Sham wrote:6.) The Memphis Grizzlies and the Boston Celtics signed a player approved by the NBA whom according to the NBA had a career ending injury - FACT!
The adjudication by the NBA's doctors that Miles' injury was career ending was only speculative, and a prediction. It could never be anything else, such is the nature of the beast when you're trying to predict the future. The NBA put the 10 game ruling thing into place as a safeguard in case such a prediction ever turned out to be wrong, and, in this case, it was.11.) You are making an assumption that appearing in 10 NBA games constitutes a player being healthy enough to have an NBA career. There is no medical explanation for this being true. Anyone at any age with any level of health can stand on a court for 10 games.
Conversely, why was it any less healthy for Darius to return on his surgically repaired knee than it was for, say, Dikembe Mutombo to play these last three years? Of course, Darius risked popping his knee again every time he jumped, and causing perhaps lifelong damage to his knee. But for all we know, Mutombo could have been taking 3 years of walking pain-free from the back end of his life for each year that he backed up Yao Ming on the Rockets. He, too, risked a career ending injury every time he took the court and left the ground, because he too had decidedly haggard knees from several centuries of playing in the NBA. Medical teams may well have been able to say without fear of contradiction that, while Dikembe could play, he shouldn't. And remember that, of the two, it was Dikembe who suffered a career ender, not Darius.

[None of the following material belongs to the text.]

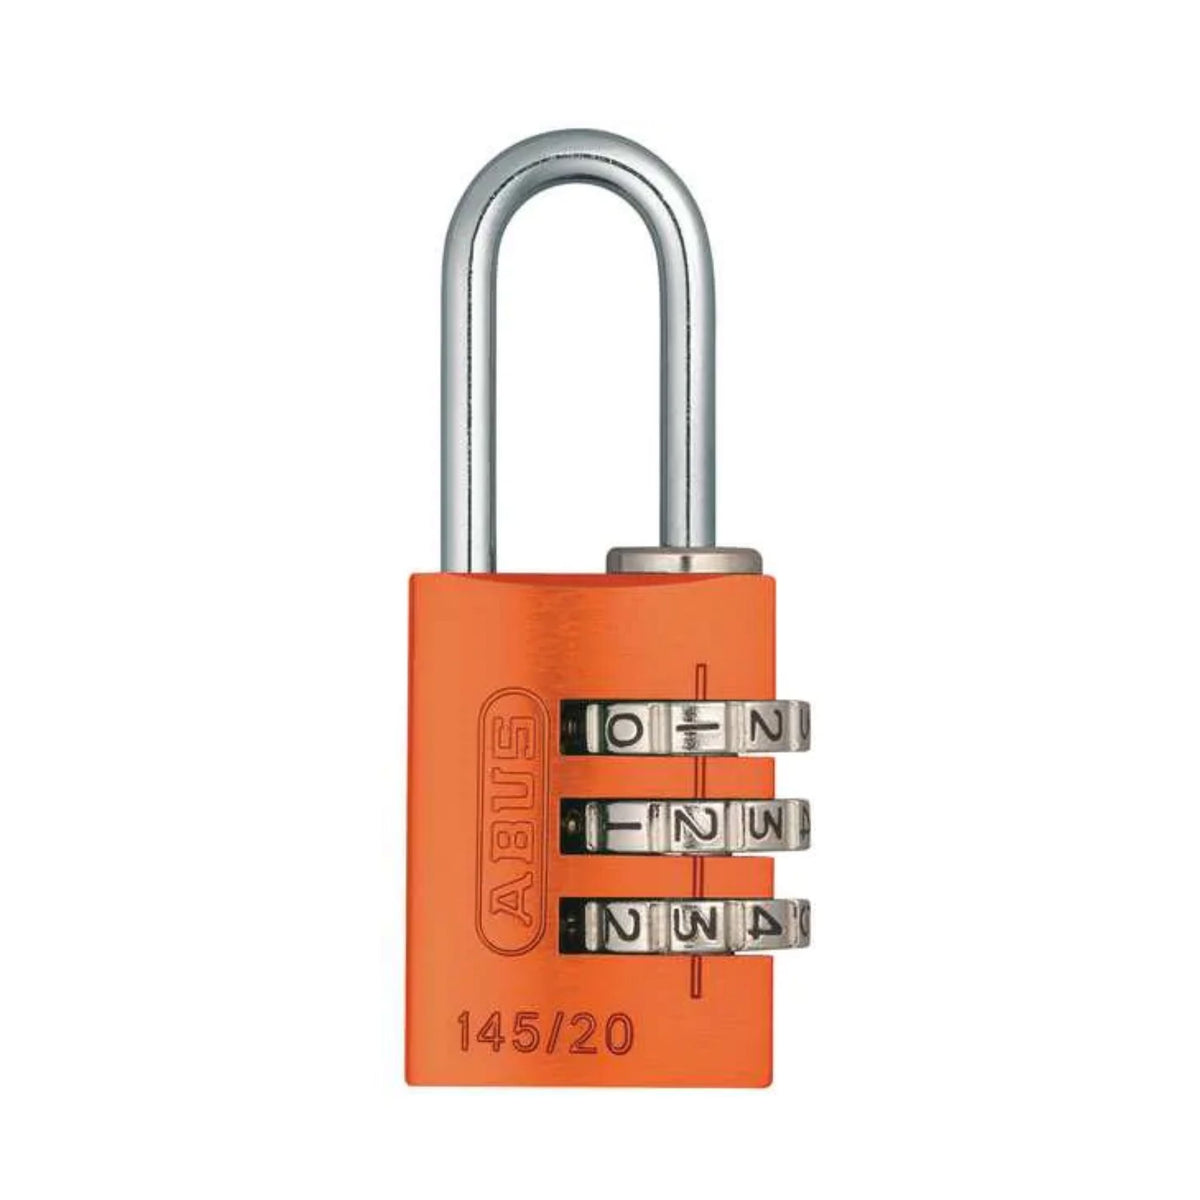 Abus 145/20 Orange Combination Luggage Padlock - The Lock Source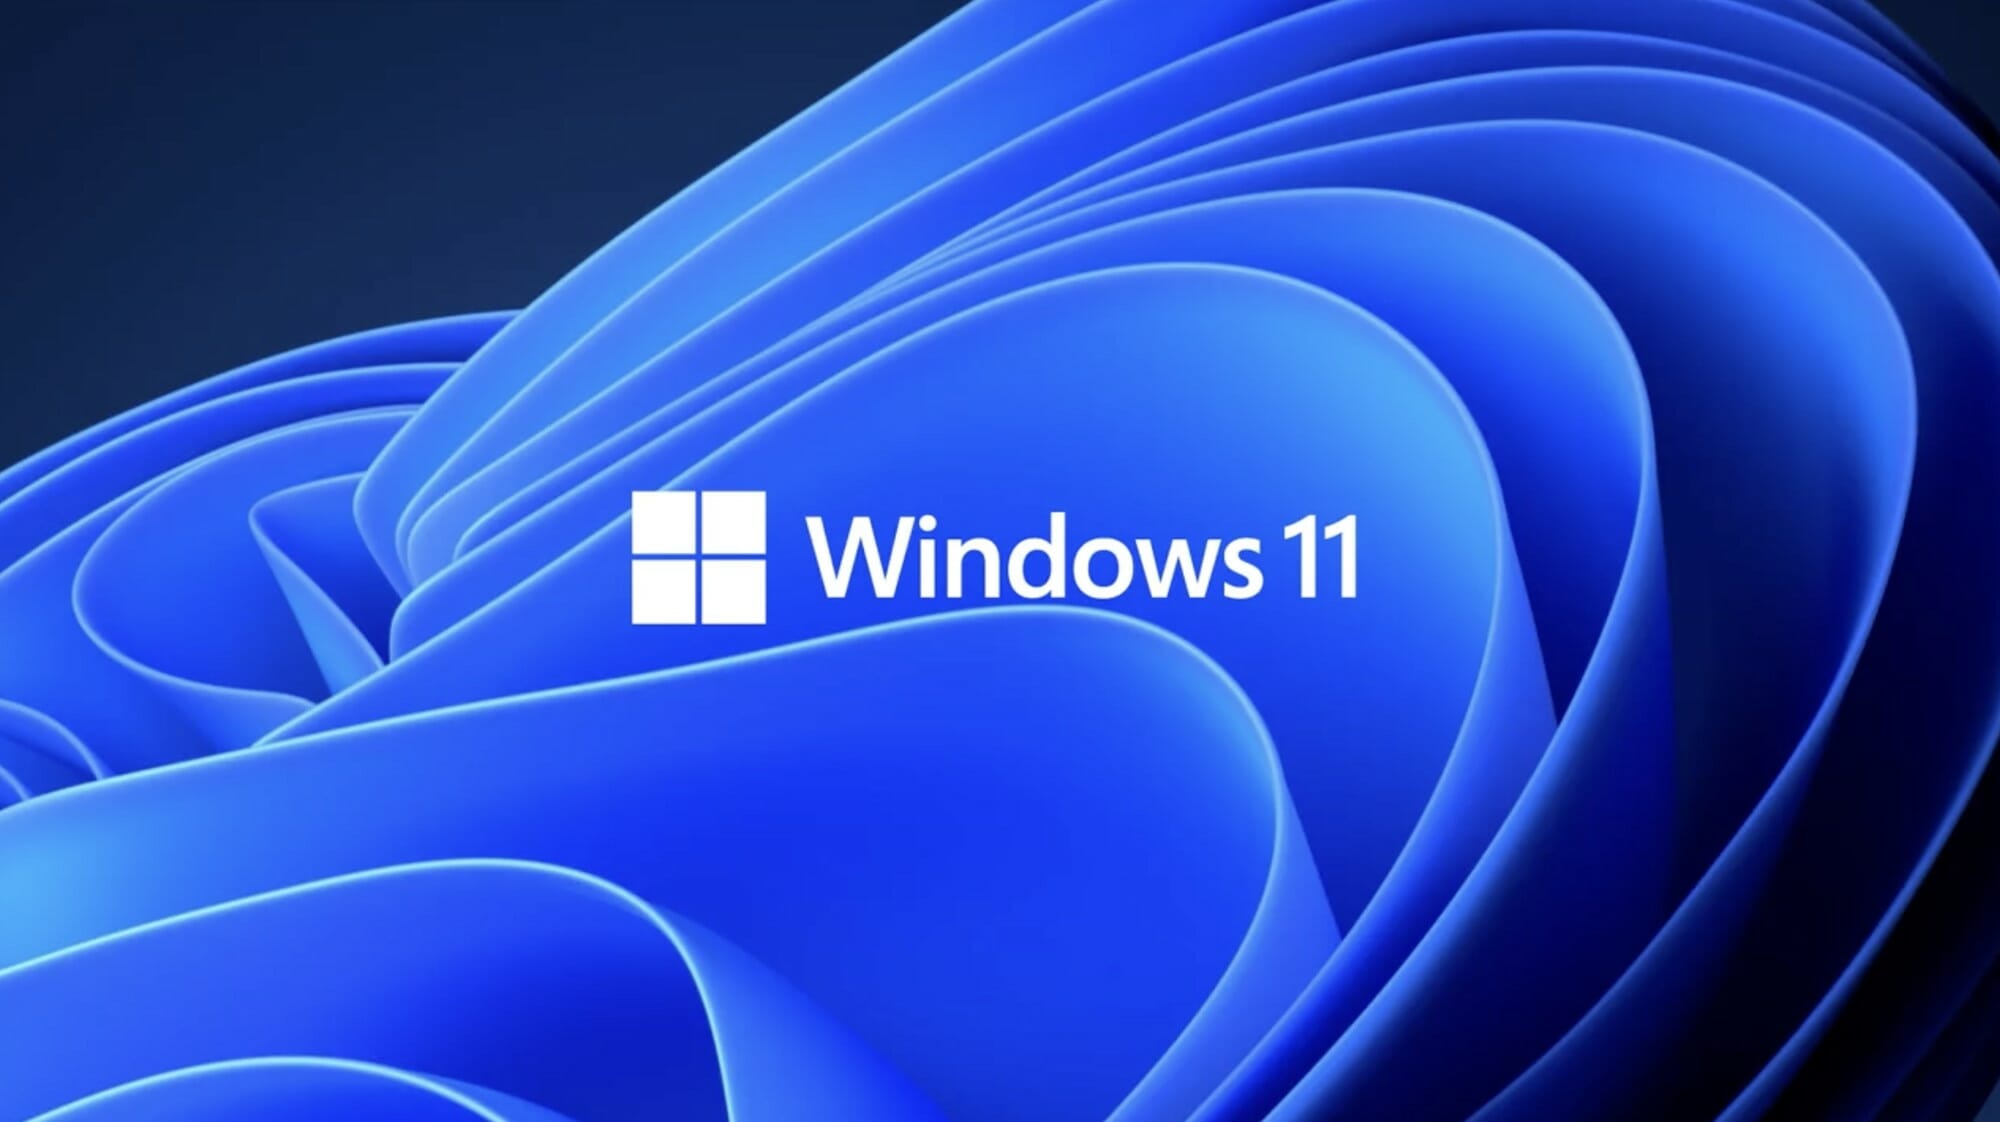 Windows 11 Wallpaper 4K - Windows 11 startup sound, UI, wallpapers, and

More to the point - Darius didn't stand on the court for fleeting moments in 10 games. He was in a rotation for 34 games. The proof of his ability to not only take an NBA court, but to perform acceptably well on it, came from the fact that he did it. Sure, a yardstick as arbitrary as the 10 games one COULD, in theory, be manipulated by suiting up a pensioner and stapling them to the half court line for 5 seconds at the end of the first half for three weeks. But this didn't happen. Whatever Memphis' motives, Darius' health was acceptable.
No. You are wrong. The CBA clearly states that the NBA will assign an independent doctor to evaluate the injury of the player, then make a professional medical opinion on whether or not this injury is career ending. The doctor said "YES, DARIUS MILES HAS A CAREER ENDING INJURY". There is no gray area in this!!! If they go to the lengths to hire a doctor to determine if an injury is career ending then the only reasonable way to determine whether or not a player no longer has a career ending injury is for a doctor assigned by the NBA to make a professional medical determination that the previous career ending injury has healed to the point where he is healthy enough to resume an NBA career.
There is no standard set in the CBA for what defines a "career" in the NBA.
There is no standard of performance set in the CBA for defining a "career" in the NBA.
The only standard set in the CBA is the appearance in 10 games. In fact they do not even establish the amount of time on the court during those 10 games.
In fact NOTHING in the CBA states that appearing in 10 games shows ANY SIGN OF PROOF THAT A PLAYER DOES NOT HAVE A CAREER ENDING INJURY!!!
The salary cap relief is specifically provided for A CAREER ENDING INJURY which CAN ONLY BE DETERMINED BY THE INDEPENDENT DOCTOR!